/O1 disables vectorization, since ICL 10.0; I mentioned that in case your loops are too short for vectorization to be useful. In version 9.1, /O1 vectorized, but without extra unrolling, thus giving vector performance on shorter loops than /O2 did.
ICL vectorization typically takes loop iterations in groups of 8, with adustments for 16-byte alignment before and after. It doesn't often pay off for loops of length less than 16 plus the adjustments, and you will see performance peaking for loop lengths at intervals of 8.
In typical C or C++ code, unless arrays are declared with fixed size local to the function, it's nearly impossible for the compiler to pick up information to change the default assumption that optimization should be for loop length 100.

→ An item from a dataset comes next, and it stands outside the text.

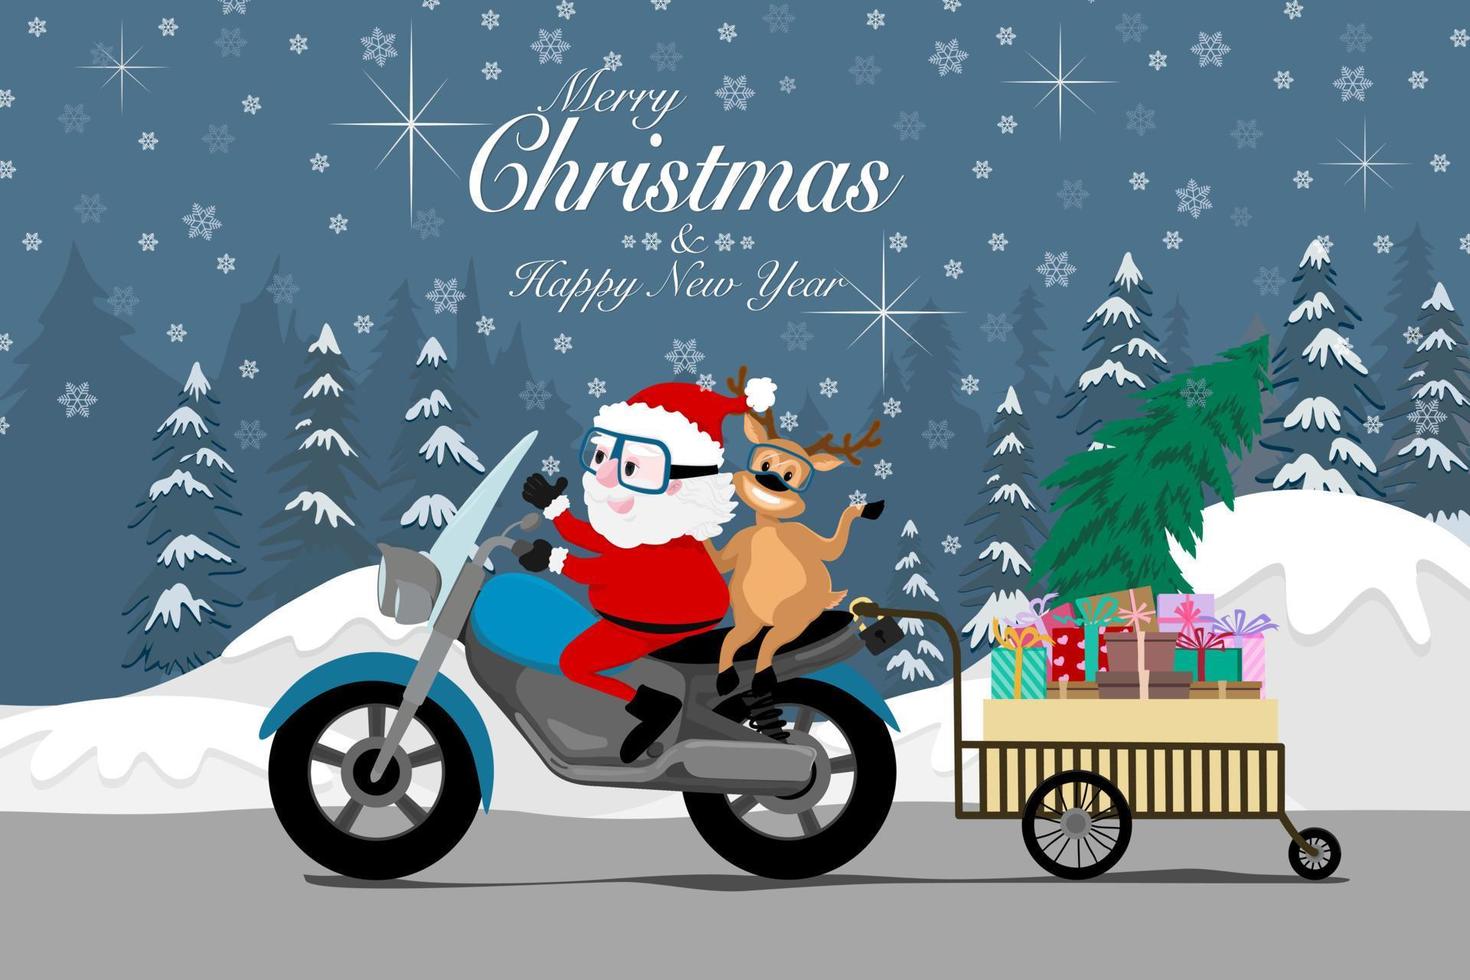 Vector Merry Christmas and happy new year greeting card, drawing of Santa Claus and reindeer riding motorcycle delivery gifts in a cart on road, frozen pine trees and snowflakes on background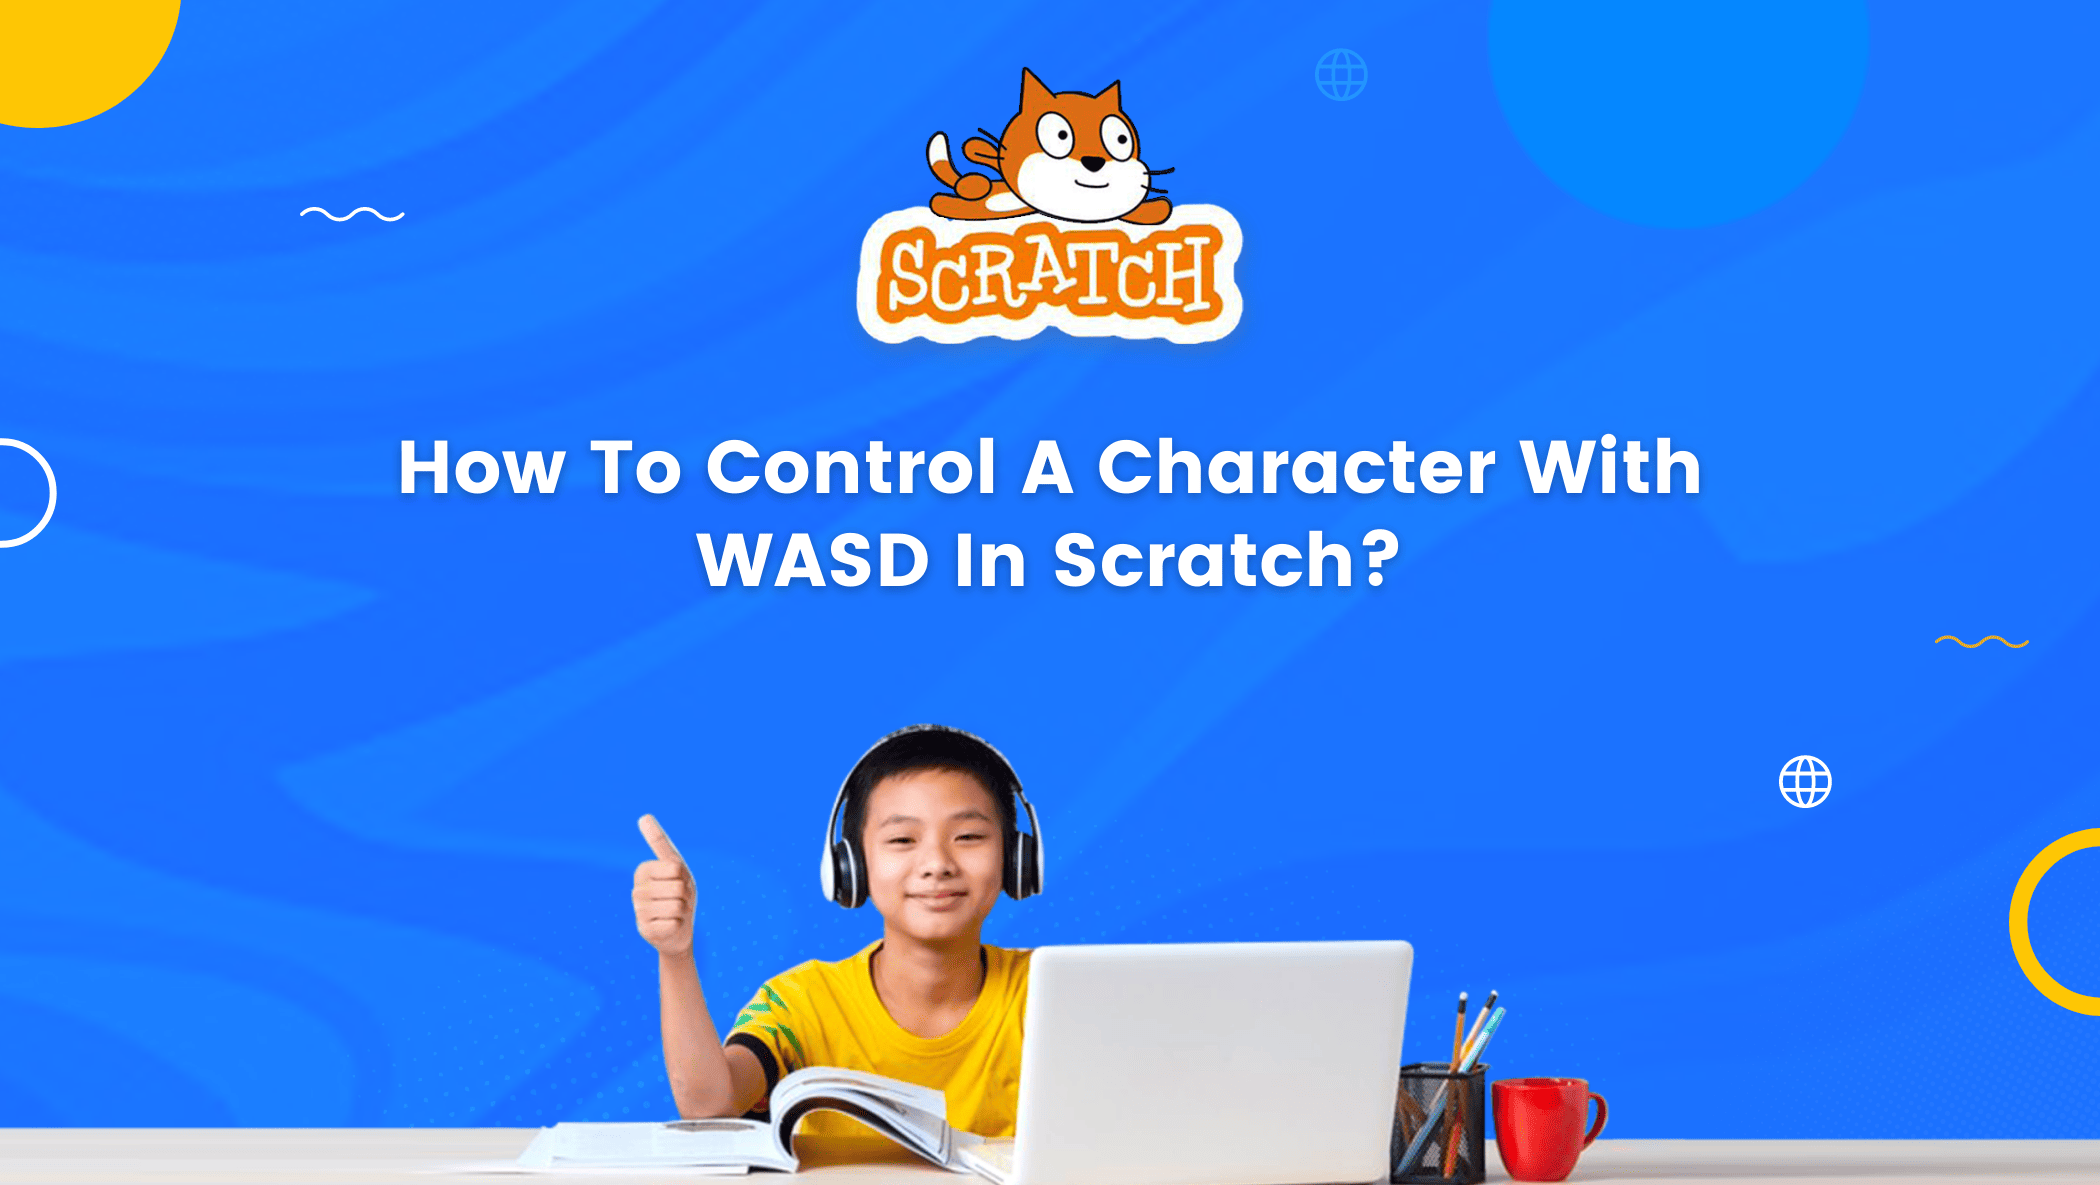 How To Control A Character With WASD In Scratch

If you know that no alignment adjustment is required at the beginning of the loop to make all data 16-byte aligned, but it's not visible to the compiler,
#pragma vector aligned
should speed up the loop, but it will break if your assertion is wrong. This pragma also over-rides the compiler's cost/benefit analysis where it decides whether vectorization should gain.
#pragma no vector
would prevent vectorization of a loop.
Vectorization of loops of length 60 to 3000 should more than double the performance. When combined with OpenMP or similar parallelization, the combined gain is better on the current Core i7 or Xeon 5500 CPUs than on the earlier ones. Still, it is common to find a loop of length 1000 where either vectorization or parallelization gives good speedup, but there is no use in combining the optimizations, unless the parallelization can take place at a higher level.